Step 8: Create Hadoop Temporary Directory
sudo mkdir -p /app/hadoop/tmp
sudo chown lovegb:hadoop /app/hadoop/tmp
Step 9: Configure core-site.xml
sudo nano /usr/local/hadoop/etc/hadoop/core-site.xml
Defines the temporary directory and default file system for Hadoop.
Step 10: Configure mapred-site.xml
sudo nano /usr/local/hadoop/etc/hadoop/mapred-site.xml
Configures MapReduce JobTracker location.
Step 11: Configure HDFS Storage Directories
sudo mkdir -p /usr/local/hadoop_store/hdfs/namenode
sudo mkdir -p /usr/local/hadoop_store/hdfs/datanode
sudo chown -R hduser:hadoop /usr/local/hadoop_store
Step 12: Configure hdfs-site.xml
sudo nano /usr/local/hadoop/etc/hadoop/hdfs-site.xml
Defines:
Replication factor
Block size
NameNode directory
DataNode directory
Step 13: Format NameNode
hadoop namenode -format
This initializes the Hadoop Distributed File System.
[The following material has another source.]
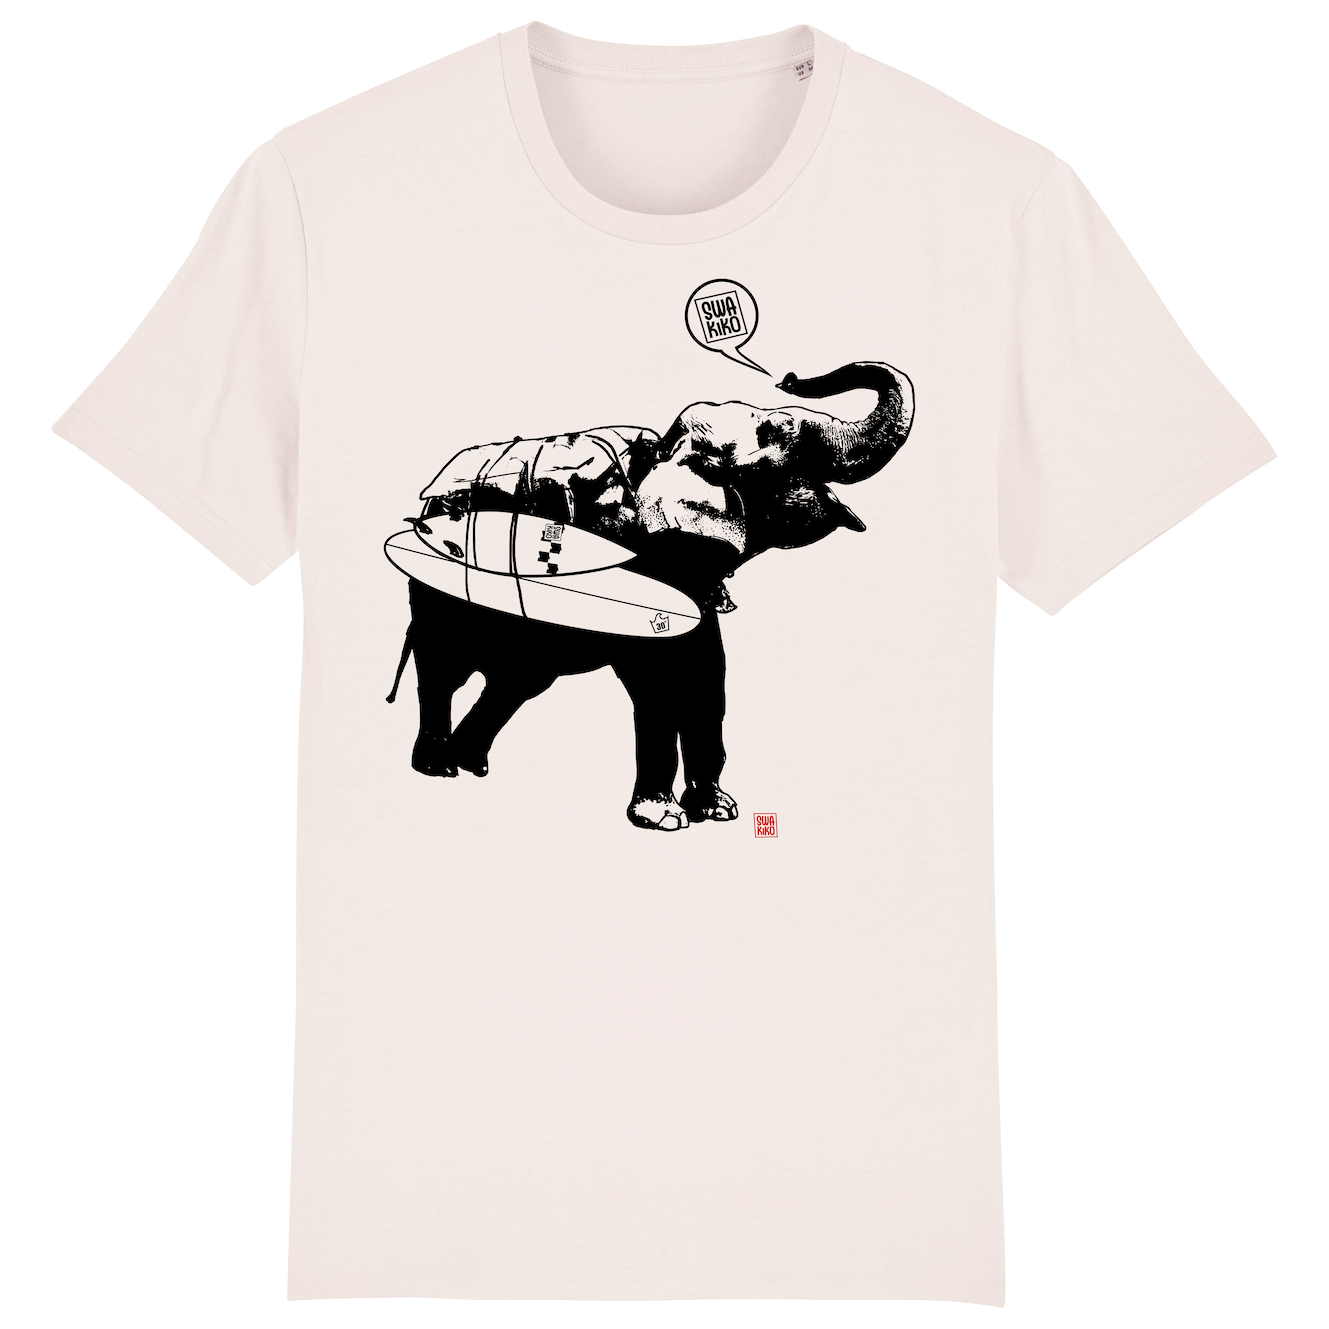 Surf t-shirt men white, Elephant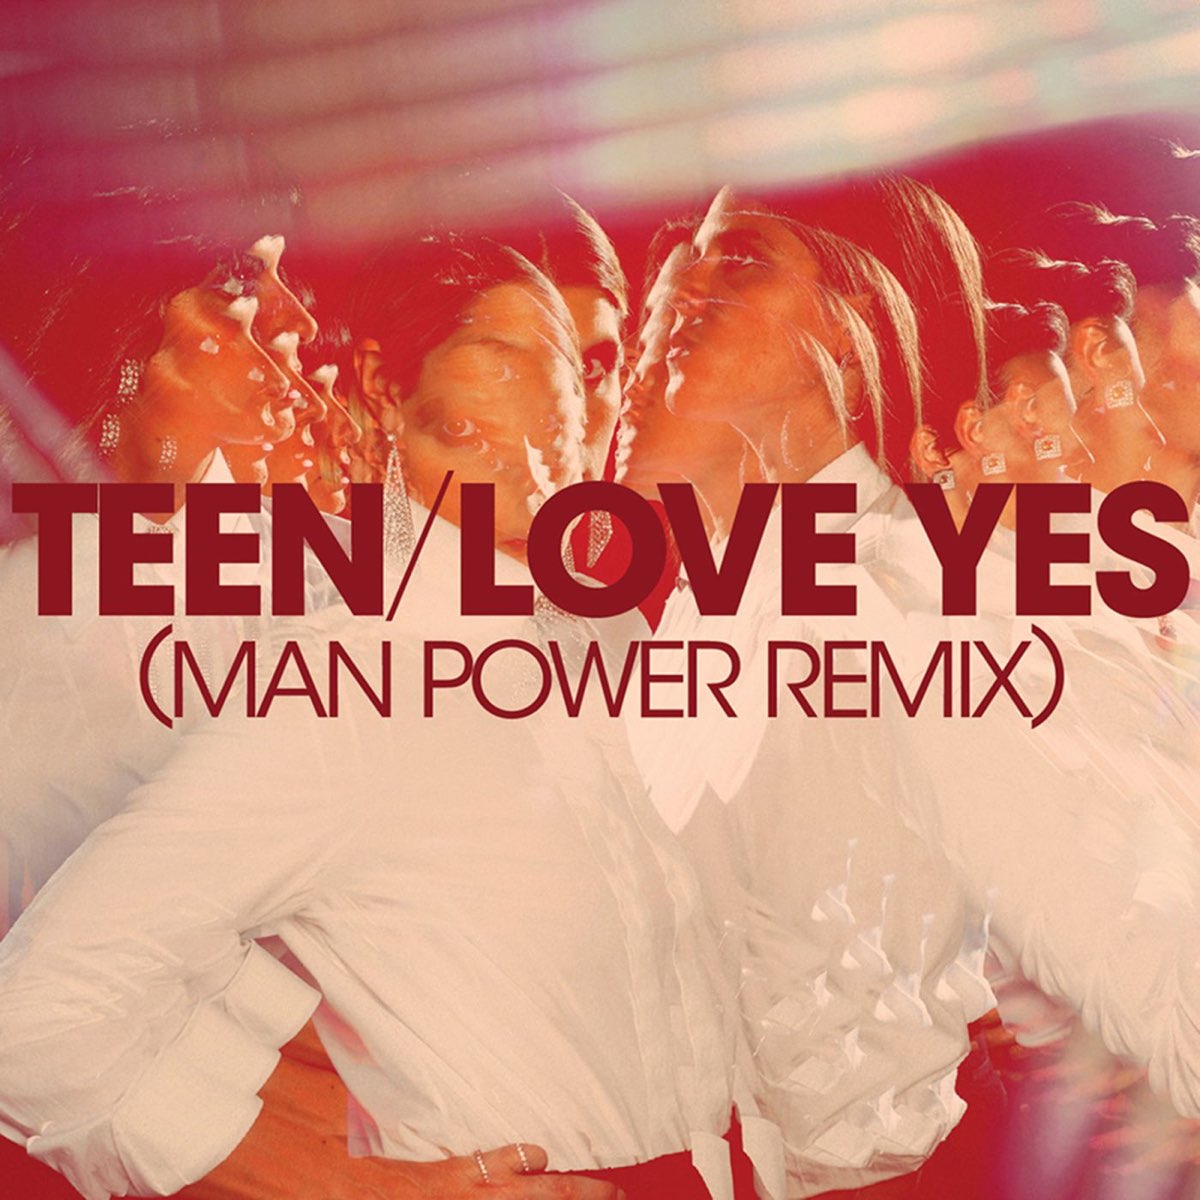 Teen Love Yes. Yes for Love. Music Power Remix. Loving Yes Hoplo. Пауэр ремикс

Run this command only once.
Step 14: Start Hadoop Services
cd /usr/local/hadoop/sbin
start-dfs.sh
start-yarn.sh
Verify running services:
jps
Step 15: Access Hadoop Web Interface
Open in browser:
http://localhost:9870
This page shows Hadoop cluster status.
Step 16: Stop Hadoop Services
stop-yarn.sh
stop-dfs.sh
Step 17: HDFS Trash Configuration
hadoop fs -put example.desktop /
Trash settings control how deleted files are handled before permanent removal.
Step 18: Set HDFS Permissions
hadoop fs –chmod –R 755 /user
Ensures proper read, write, and execute permissions.
Step 19: Permission Configuration
dfs.permissions.enabled→ Enables HDFS permission checkshadoop.http.staticuser.user→ Sets default web UI user
Conclusion
You have successfully learned how to install and configure Hadoop on Ubuntu 26.04 using a clean, safe, and structured approach. This setup is ideal for learning, testing, and academic purposes.
Frequently Asked Questions (Frequently Asked Questions)
Q1. Is this setup suitable for beginners?
Yes, this is a single-node Hadoop setup designed for learning.
Q2. Can this be used for production?
No, production requires a multi-node cluster configuration.
Q3. Is this article AdSense safe?
Yes, it is purely educational and policy-compliant.